Indeed, the campaign is not a pure critique of AI, the technology that was used to create half of the imagery and nearly all of the video assets. In that way, the campaign acknowledges the reality that AI imagery isn’t just emerging, it’s already normalized. Recent campaigns from Dollar Shave Club and Almond Breeze have toyed with this tension, but perhaps not as succinctly.
“The goal from the very beginning was to reflect what's out there. It was not about us creating new things. It was about us holding a mirror up… In an ideal world, our ads should just be like what your feed already is,” Miller said of the campaign creative.

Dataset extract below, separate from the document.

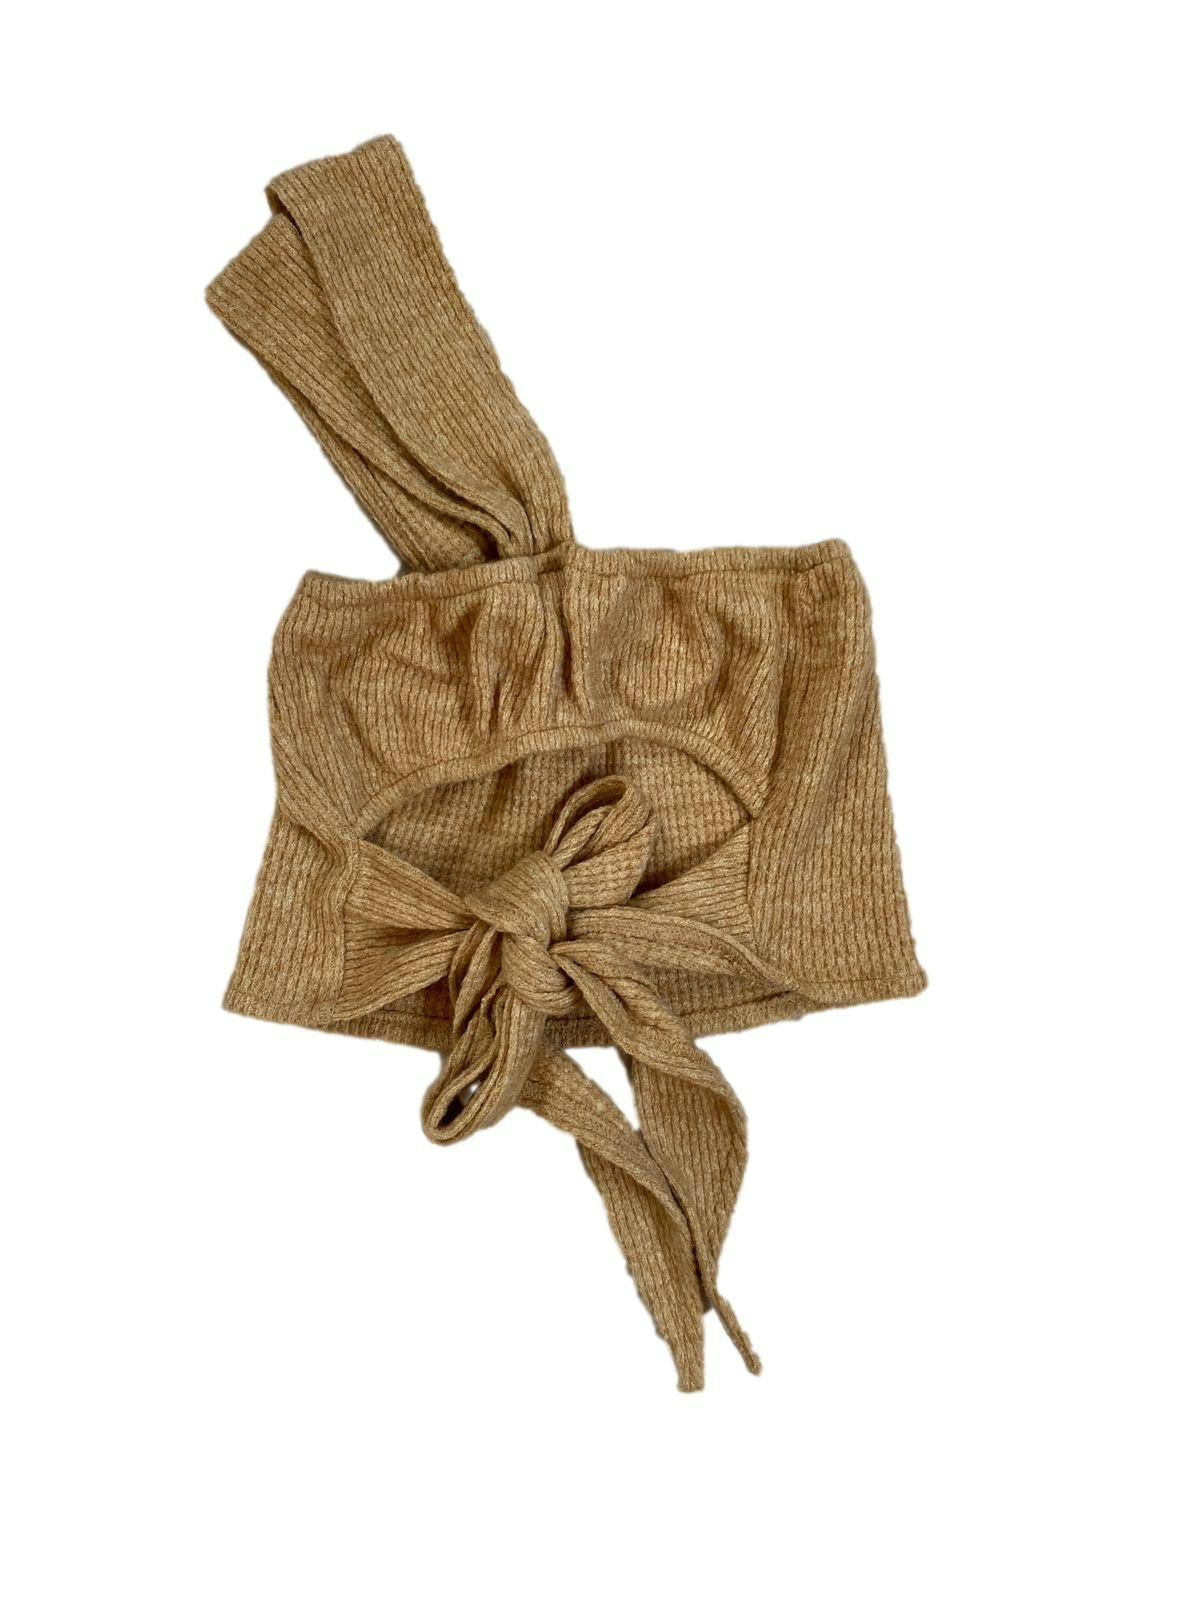 Top Kavaliana tejido beige one shoulder con tirantes para amarrar en la espalda Busto: 48 cm (sin estirar) Largo: 19 cm Nuevo con etiqueta. Precio original 129 soles
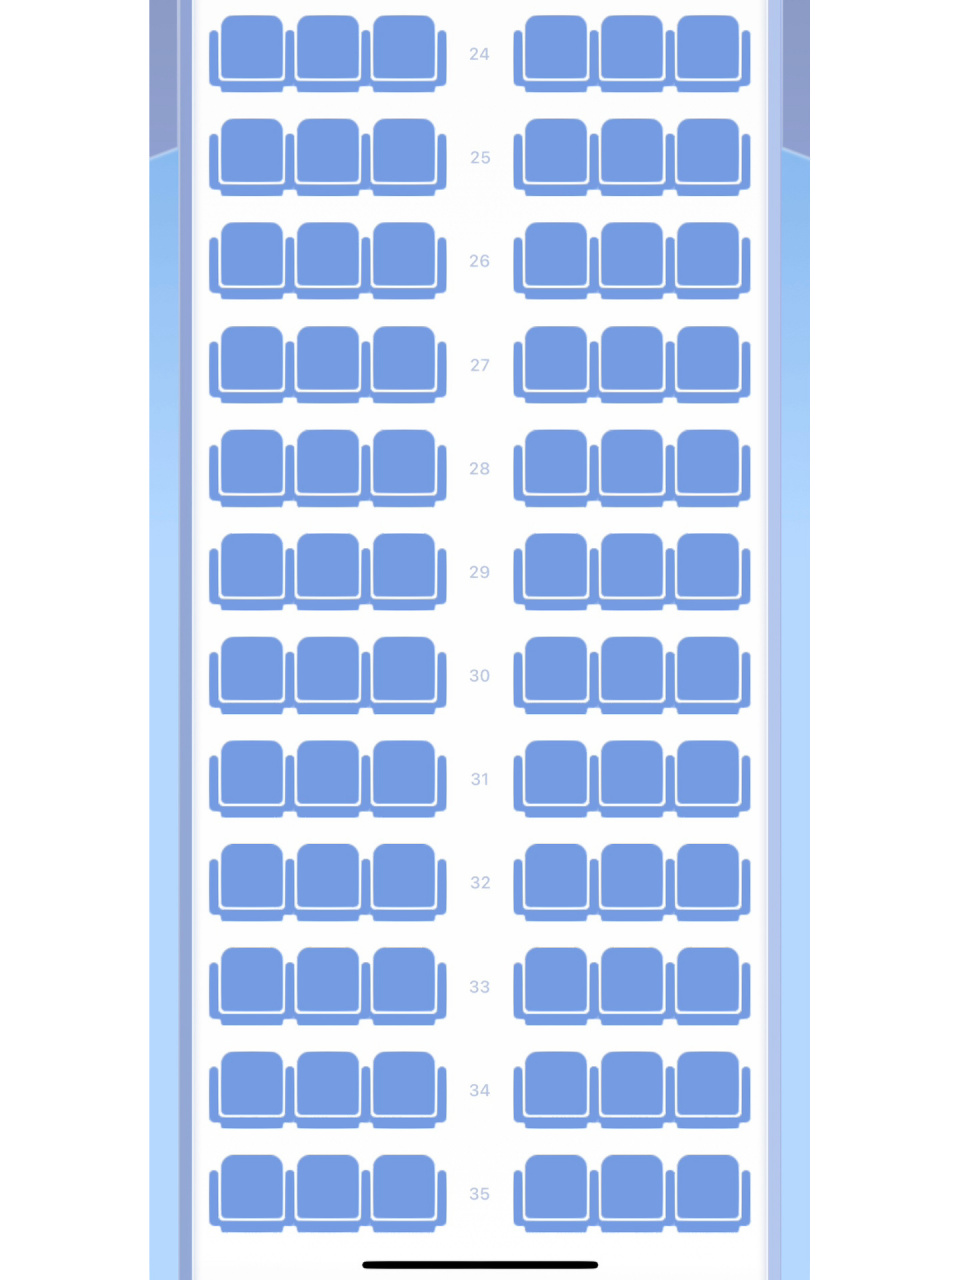 深航空客320座位图22排图片

To reflect consumer feeds, Angry Gods worked to be as current as possible; the use of AI throughout the process sped up its ability to deliver against tight deadlines. Images like a version of the 2023 meme featuring Pope Francis in a Balenciaga puffer jacket made the cut, while deadlines left others, like Venezuelan President Nicolás Maduro in a Nike sweatsuit, unrealized. The agency also passed on a reference to Nigerian prince scams that could have been misconstrued by consumers.
“Our goal was to make something that didn’t feel mean, gratuitous or distracting without insight,” said Menon.

Is an image of a woman with three breasts not gratuitous?
“You know that the three-boobed woman doesn't exist. Yet, the biggest account of that has 3.6 million followers on Instagram,” Menon explained. “Why do 3.6 million people follow something that doesn't exist? What's the point behind it? You're fascinated and you're disgusted, but you can't look away. And there's something interesting about that.”
While the campaign has faced some online backlash because of its use of generative AI, the agency made clear that the technology was only used because it was core to the concept. Angry Gods makes the decision about whether or not to leverage AI in creative work on a case-by-case basis, but remains pro-AI in regard to process.
“A lot of our strategy work and grunt work at the mid-level is done by custom AI that we've developed in-house,” Menon said. “From a creative standpoint, it is 100% on a case by case basis. But where we 100% use AI now is in mocking up and conveying ideas. It is so much easier to build storyboards and concepts for pitches now with AI than ever before, so we are using AI to convey and sell ideas more than we've ever done before.”